__TASK OBJECTIVE__: The line containing "ジャズマーティンルーサーキングジュニア葉[Dr. Jart] Black", and every line after it to the end of the listing, should be repeated exactly; the pictures should not.

__DATASET CONTENT__:

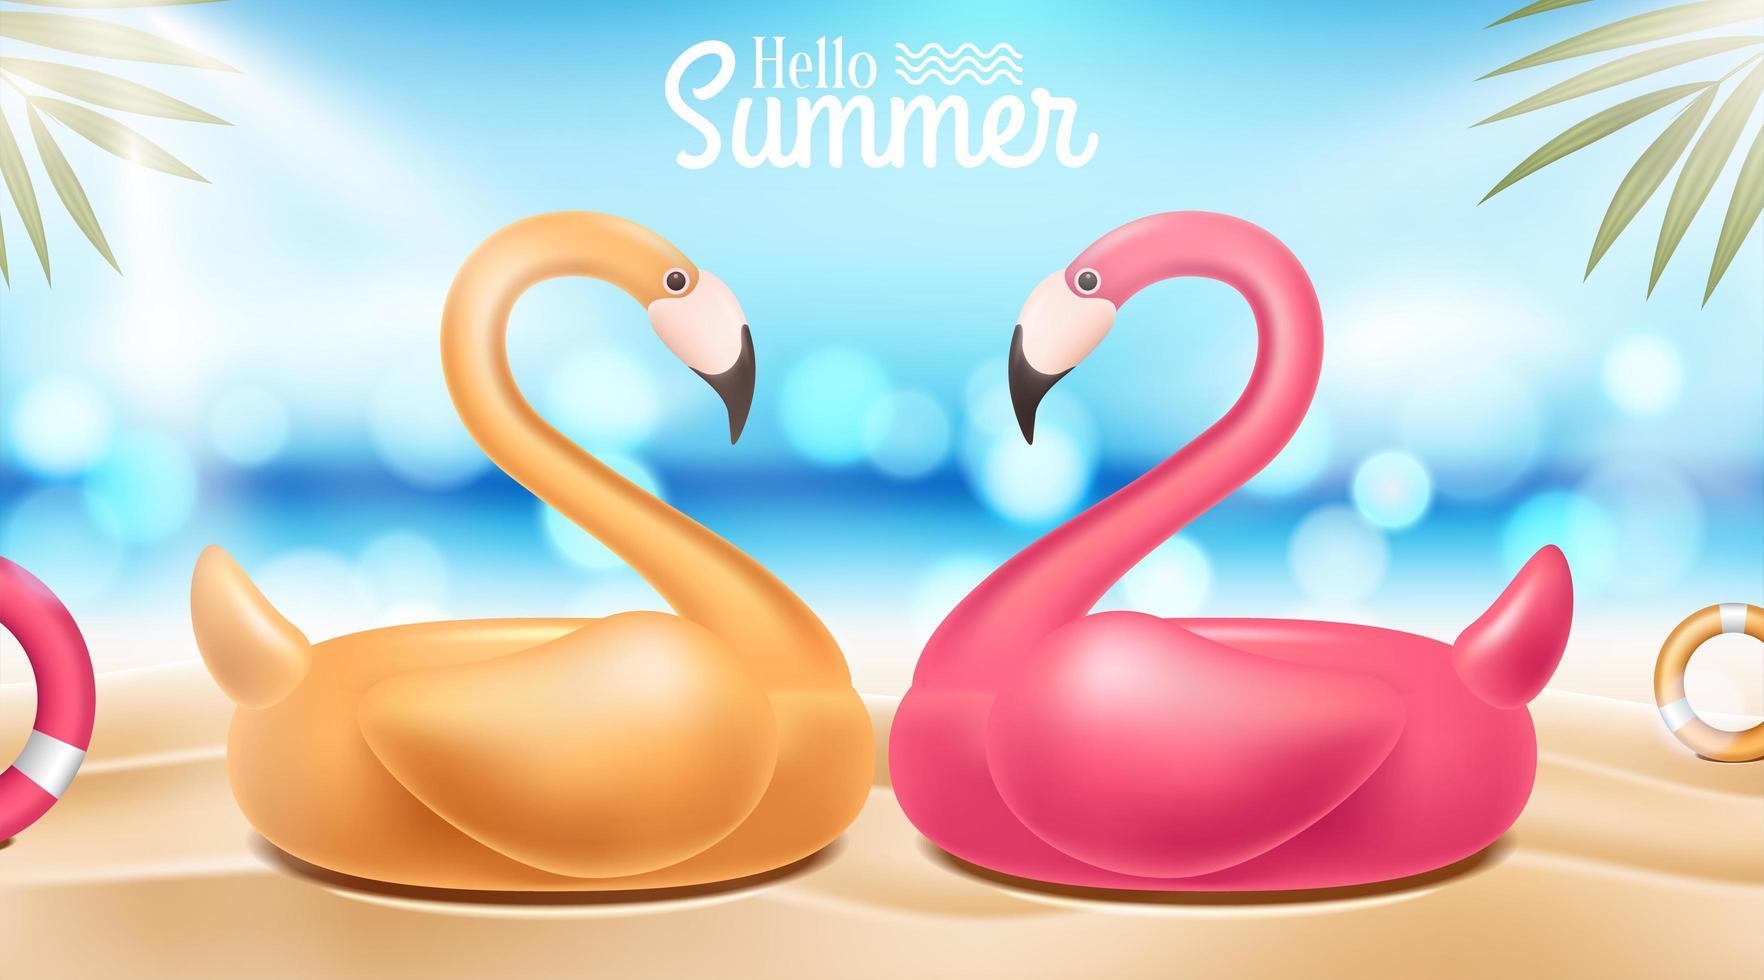 bonjour design d'été avec des flamants roses vecteur
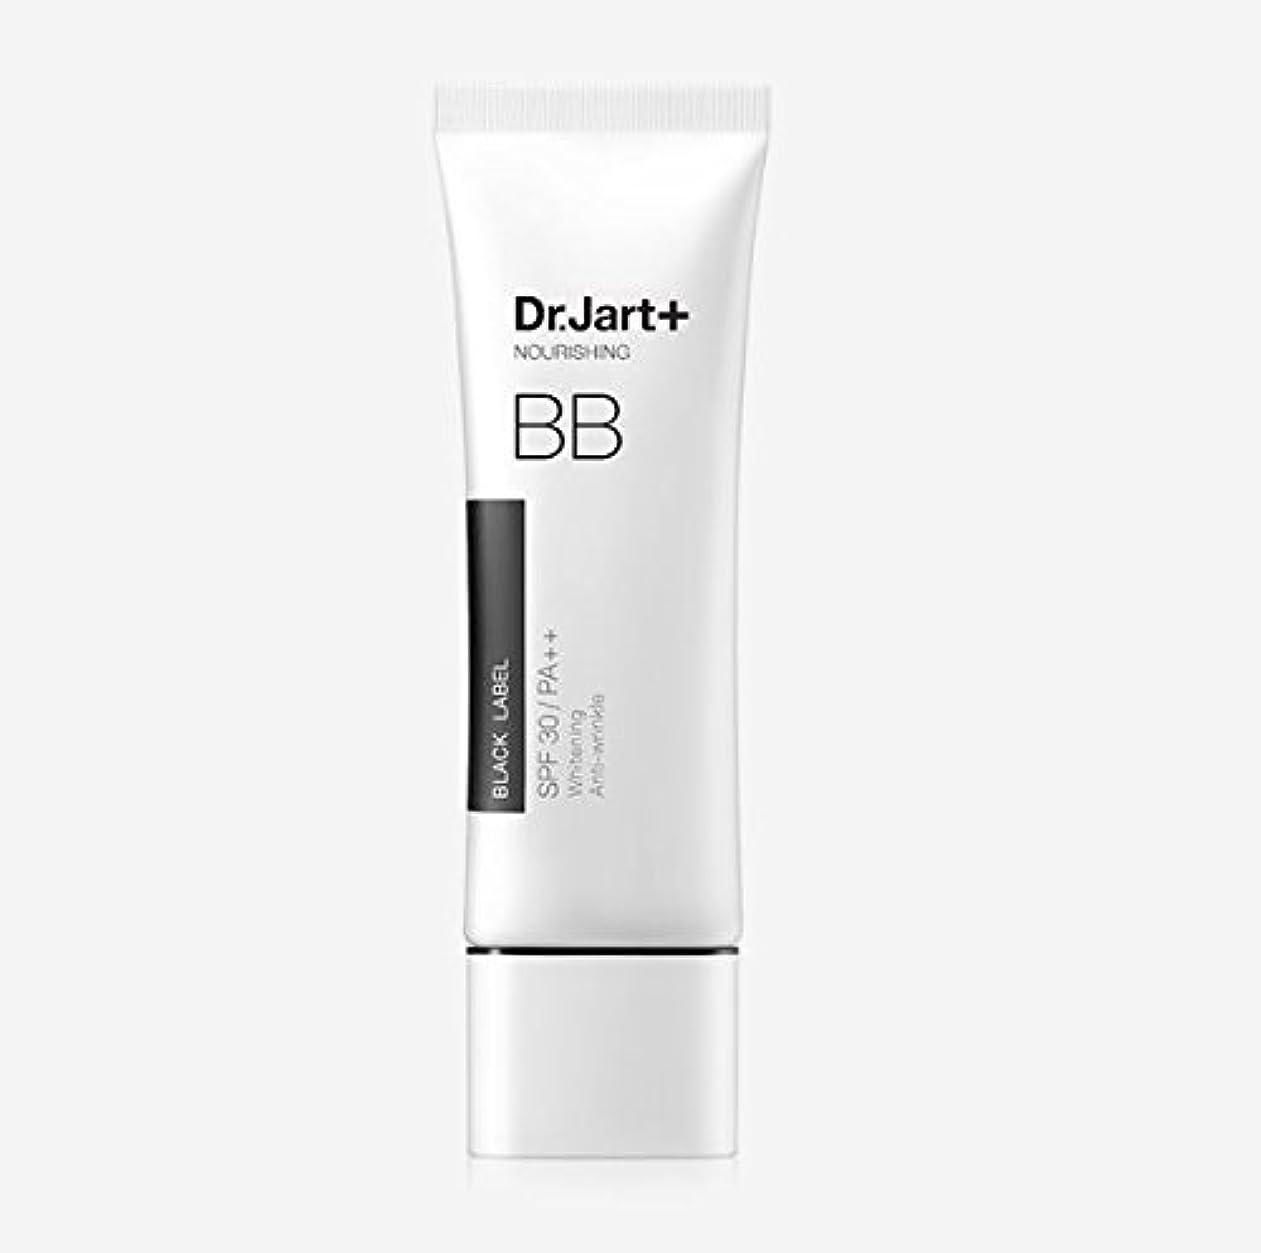 ジャズマーティンルーサーキングジュニア葉[Dr. Jart] Black Label BB Nourishing Beauty Balm 50ml SPF30 PA++/[ドクタージャルト] ブラックラベル BB ナリーシン ビューティー バーム 50ml SPF30...
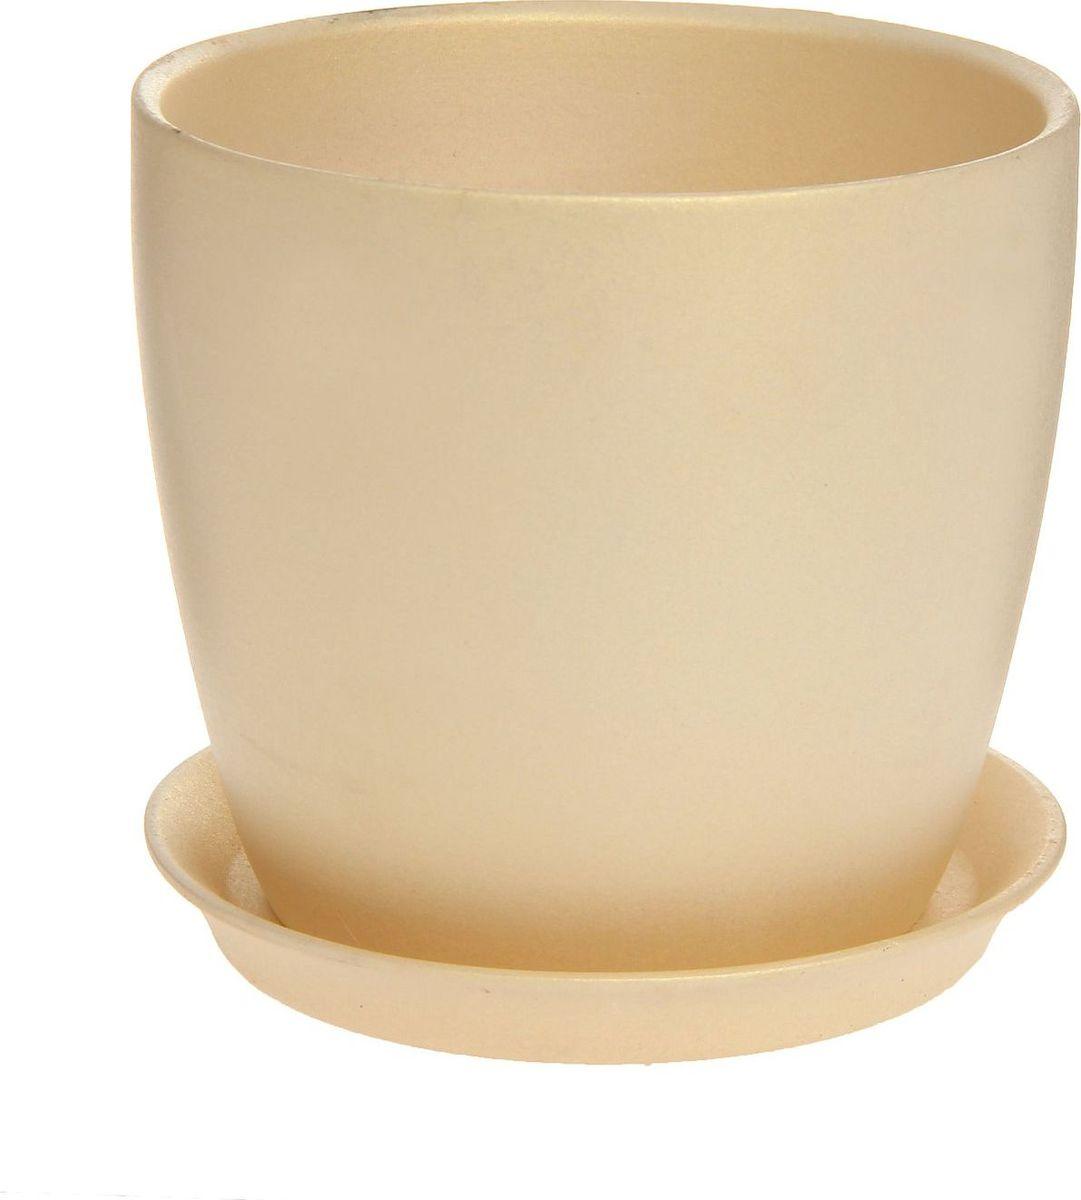 Кашпо Керамика ручной работы Осень. Перламутр, цвет: перламутровый, 2 л1170536Комнатные растения - всеобщие любимцы. Они радуют глаз, насыщают помещение кислородом и украшают пространство. Каждому из них необходим свой удобный и красивый дом.Кашпо из керамики прекрасно подходит для высадки растений:за счёт пластичности глины и разных способов обработки существует великое множество форм и дизайнов; пористый материал позволяет испаряться лишней влаге; воздух, необходимый для дыхания корней, проникает сквозь керамические стенки.Кашпо для цветов освежит интерьер и подчеркнёт его стиль.

__SOLUTION__:
 ジャズマーティンルーサーキングジュニア葉[Dr. Jart] Black Label BB Nourishing Beauty Balm 50ml SPF30 PA++/[ドクタージャルト] ブラックラベル BB ナリーシン ビューティー バーム 50ml SPF30...
 Кашпо Керамика ручной работы Осень. Перламутр, цвет: перламутровый, 2 л1170536Комнатные растения - всеобщие любимцы. Они радуют глаз, насыщают помещение кислородом и украшают пространство. Каждому из них необходим свой удобный и красивый дом.Кашпо из керамики прекрасно подходит для высадки растений:за счёт пластичности глины и разных способов обработки существует великое множество форм и дизайнов; пористый материал позволяет испаряться лишней влаге; воздух, необходимый для дыхания корней, проникает сквозь керамические стенки.Кашпо для цветов освежит интерьер и подчеркнёт его стиль.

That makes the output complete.